O filme teve sua première no Festival de Cannes e agora está chegando ao circuito comercial em meio a uma pandemia. Como você enxerga esse percurso atravessado por uma situação atípica?
Jamais imaginei que seria assim. O mundo vem apresentando reviravoltas cada vez mais surpreendentes, infelizmente para o lado ruim. Nunca pensei que as cosias chegariam aonde chegaram. O filme estreia num mundo terrível, com pandemia e queimadas. É meio louco. Por outro lado, assim ele acaba dialogando com a aura de pesadelo que estamos vivendo atualmente. Depois do cinema, vamos para a Netflix, em data ainda a ser confirmada. Queria muito acessar o público jovem, que infelizmente não está mais indo ao cinema. Tentamos durante os festivais levar grupos deles às sessões, mas não foi fácil. Embora o filme tenha uma linguagem mais desafiadora, quero entender como os jovens se relacionam com ele. Nesse sentido, o acordo com a Netflix me deixou muito contente.

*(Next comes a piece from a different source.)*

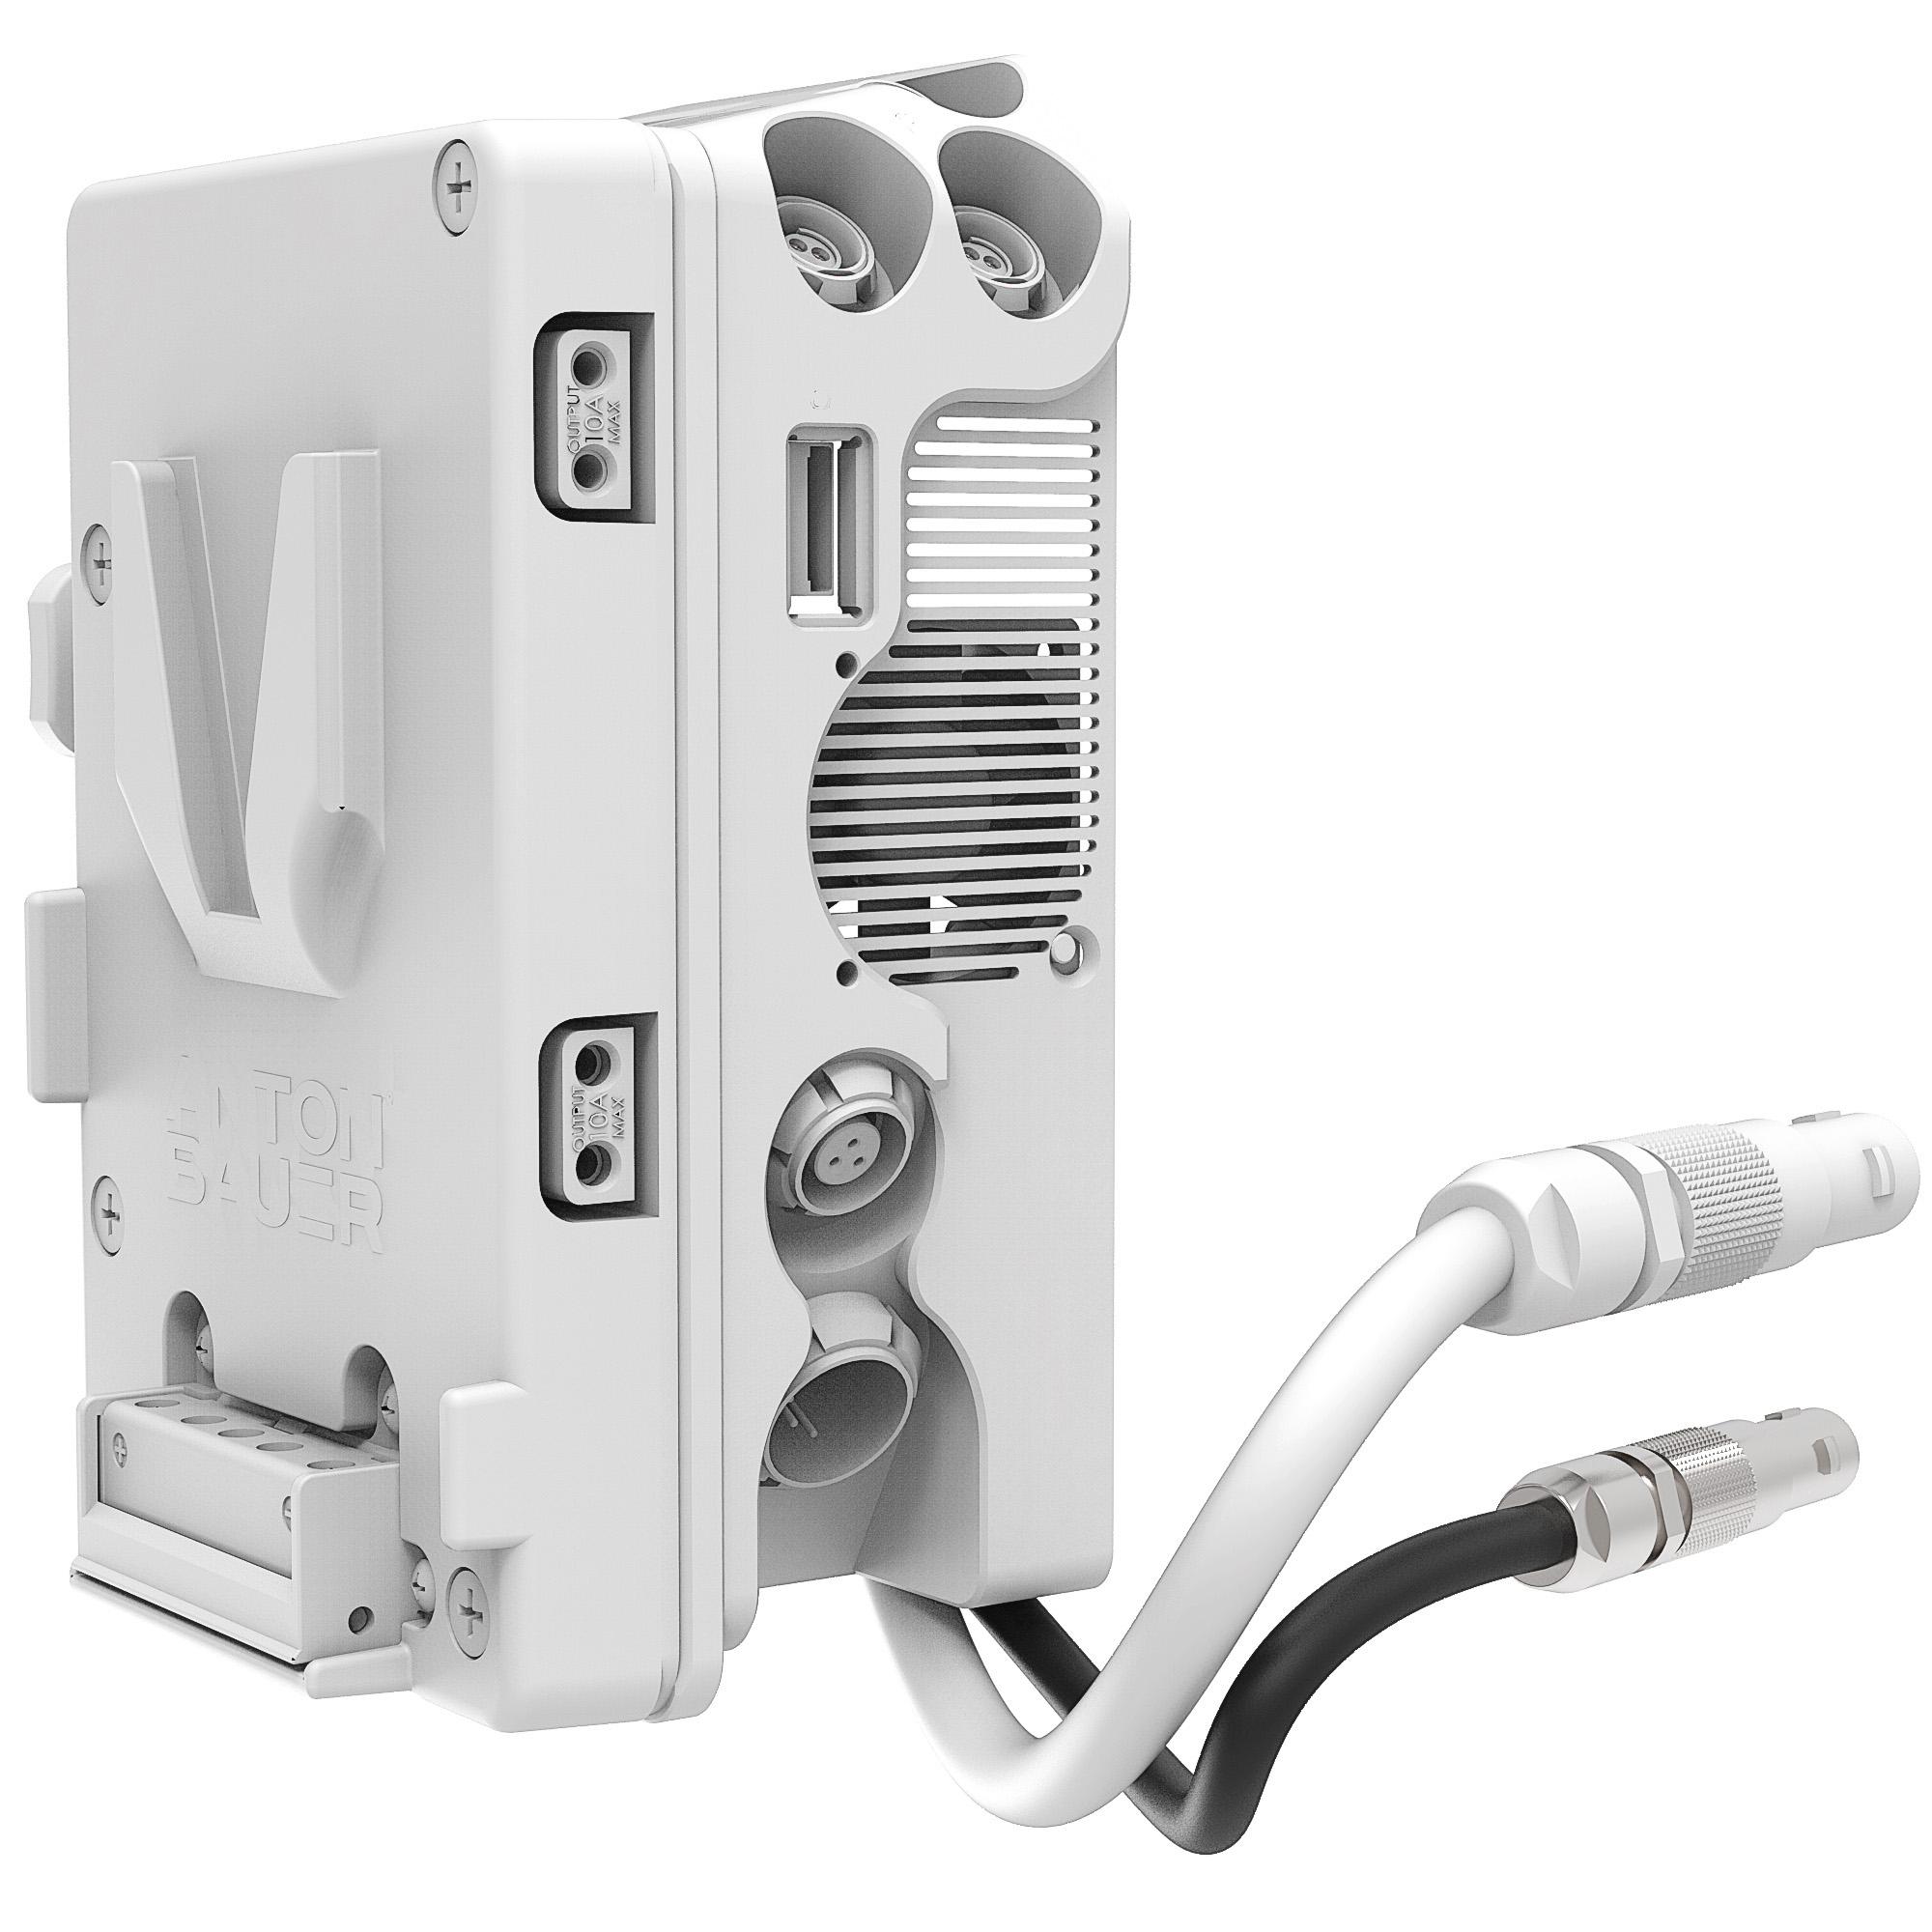 B4001.1010 Alexa Mini RunStop Trigger Cable 1

Você é uma jovem realizadora, diante da qual a gente tem o costume de dizer “com uma carreira enorme pela frente”. Mas como pensar o futuro como cineasta diante do atual panorama de descaso do poder federal com a Cultura?
É uma pergunta muito boa. Se pensarmos na questão pratica, nas possibilidades de financiamento, dá vontade de sentar e chorar. Do ponto de vista criativo, o que estamos vivendo acaba nos estimulando a tentar discutir tudo isso. Me ajuda um pouco o pensar histórias, personagens e situações. Essa pausa por causa da pandemia acabou me propiciando, apesar de toda a tragédia coletiva, um momento de reflexão sobre origens e aquilo que é importante de fato. Estou tentando trazer isso para o que ando escrevendo. Temos de reforçar nossos laços de afeto. Aliás, como é importante no meio de tudo isso fortalecer nossos grupos e relações de amor e pensar em levar isso para as telas.